We report in vitro measurements of effective diffusion tensors characterising the anisotropic transport of water in human eye lenses ranging in age from 13 to 86 years. The measurements were obtained by means of a pulsed field gradient spin echo (PFGSE) magnetic resonance imaging (MRI) technique at a spatial resolution of 218 × 218 × 1000 μm³. The results show that water diffusion is both spatially inhomogeneous and highly anisotropic on the timescale of the measurements (approximately 15 msec).
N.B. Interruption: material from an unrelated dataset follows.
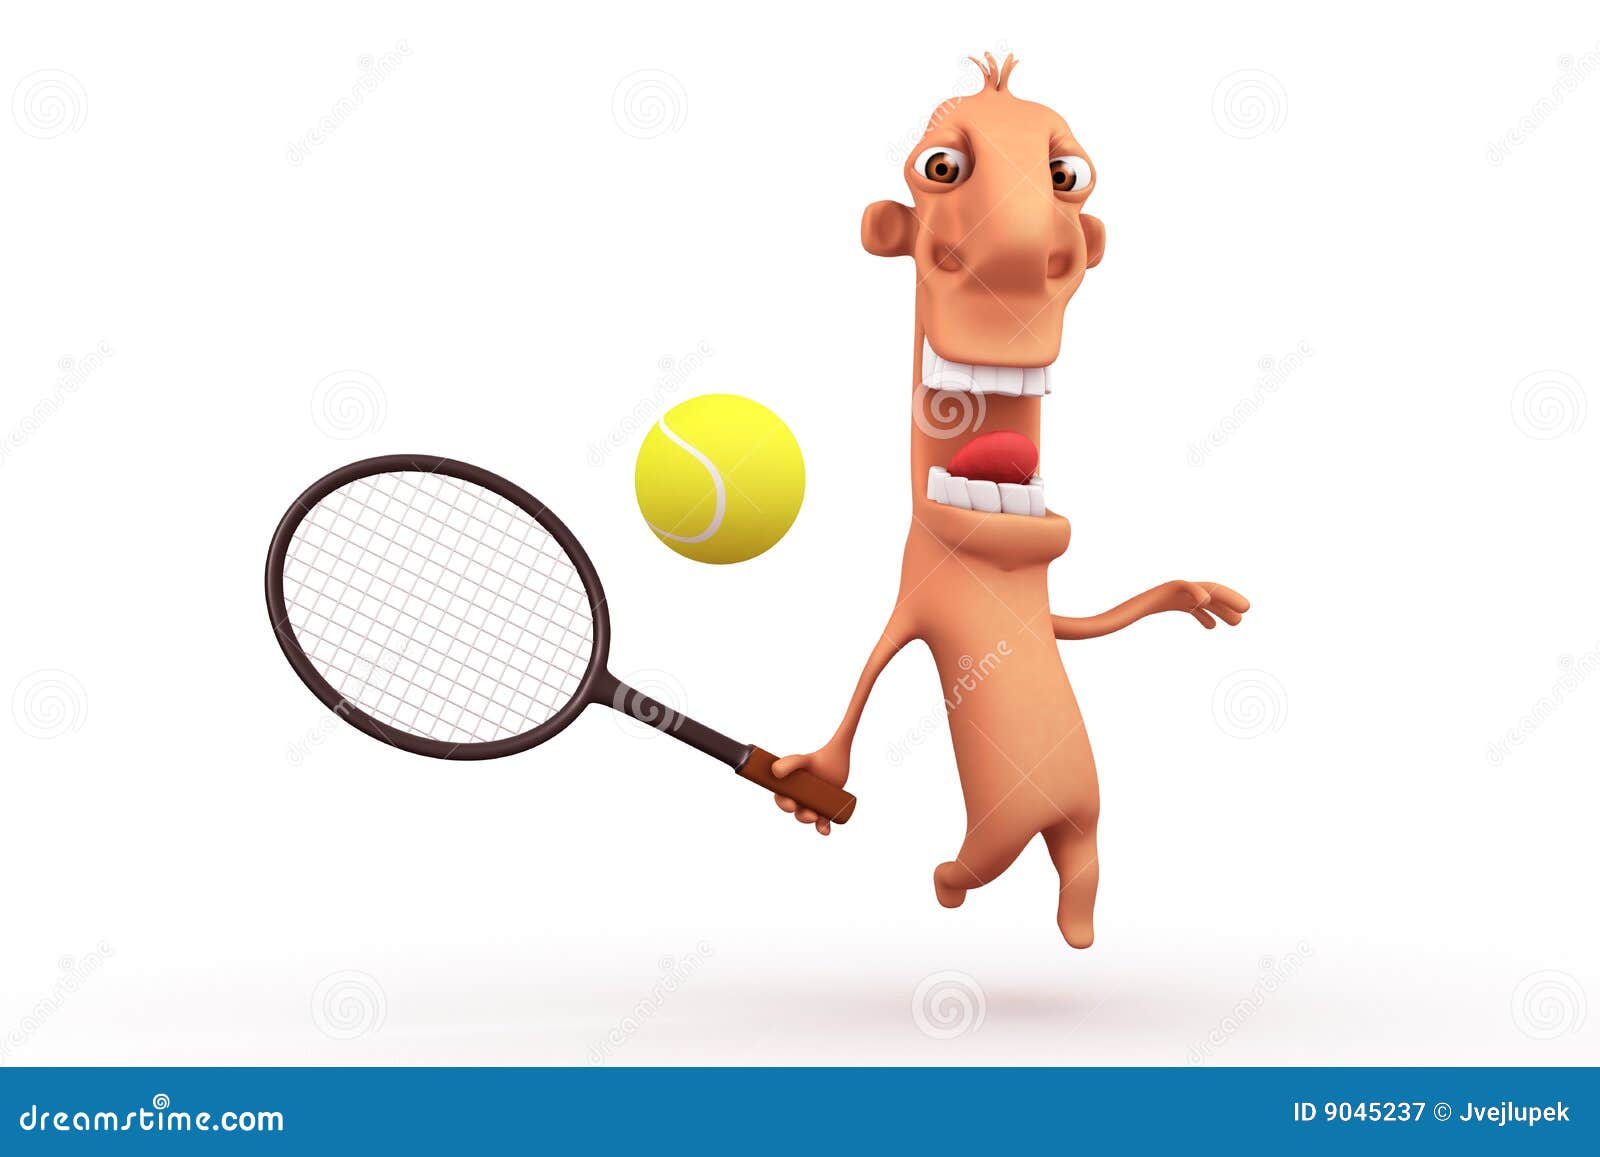 Funny Cartoon Tennis Player. Objects Over White Stock Illustration -  Illustration of player, agility: 9045237

Diffusion parallel to the long axes of the lens fibre cells is relatively unrestricted, whereas that between cells is substantially inhibited by the cell membranes, particularly in the inner cortex region of the lens. The data confirm the presence of a diffusion barrier surrounding the lens nucleus, which inhibits transport of water and other small molecules into and out of the nucleus. The results shed light on factors that may influence the onset of presbyopia and senile cataract. They also have implications for delivery of drugs to the lens nucleus.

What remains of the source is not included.